Separately, Islamabad sees the current Kabul government as a threat to its interests since it is made up of Northern Alliance leaders who were enemies of Pakistan during the Taliban reign. Moreover, these leaders have warmed their relations with India, Pakistan's strategic rival; indeed, one of the main reasons for Pakistan's past support of the Taliban was because the group had no ties with India and gave Pakistan what it called "strategic depth" against its eastern rival.
All of these factors should be taken into account when considering whether a change in government in Islamabad would serve U.S. interests. Musharraf's authoritarian rule is strictly secular in a country that is increasingly Islamist.

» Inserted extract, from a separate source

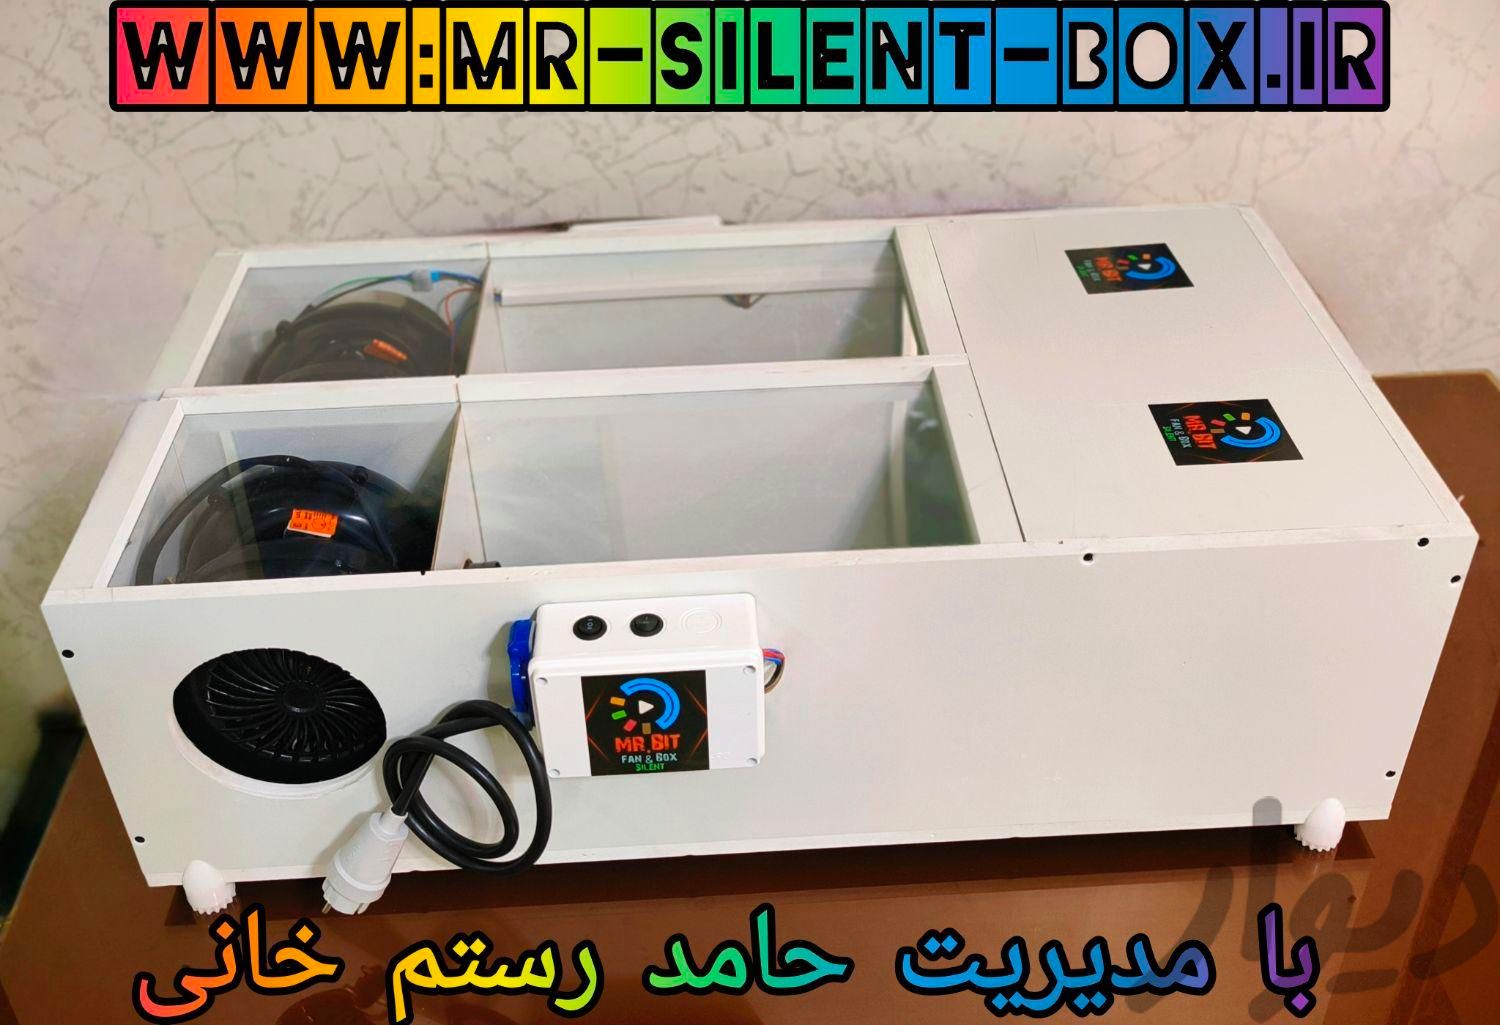 سوپر باکس های دو ظرفیتی ماینر سایلنت|قطعات و لوازم جانبی رایانه|تهران, جمهوری|دیوار

Removing Musharraf from power and engineering a more democratic government could put into place a leadership that opposes strong U.S.-Pakistan ties. Religious sentiment is high in Pakistan, and the country's population has one of the lowest opinions of the United States anywhere in the world. An increase of democracy in Pakistan could uncork these forces, thus risking U.S. operations in Afghanistan and its ability to pressure Pakistan into taking action against top al-Qaeda fighters hiding out in its territory.
Replacing Musharraf with another strongman that would better serve U.S. interests is another possibility, but it is not clear whether this solution is workable due to the lack of suitable leaders.
A collapse of Musharraf's government and general instability in Pakistan is another potential outcome, and this scenario would allow the United States to conduct operations in Pakistani territory, perhaps removing the problem of Pakistan serving as a safe haven for Taliban and al-Qaeda fighters. Yet aside from air strikes on leadership targets that only occasionally hit their mark, it is hard to imagine that U.S. forces would be any more successful operating in Pakistan's border regions than have the Pakistani forces before it. Furthermore, the complete collapse of government control in the border regions and the involvement of U.S. forces there could cause a rebellion among the Pashtun tribes and throw the entire border into chaos, thus making Afghanistan even more unstable.
The bottom line is that having a pro-U.S. government in power in Pakistan is an important interest for the United States as long as operations continue in Afghanistan. Supporting pro-democracy factions against Musharraf solves a short-term problem of authoritarianism in Pakistan yet risks plunging Pakistan into chaos, which would provide a freer reign to anti-U.S. insurgents in the border regions. Unless Washington has found a credible successor to Musharraf who will continue to support U.S. policies in the region, then its interests call it to continue to work with Musharraf despite his shortcomings.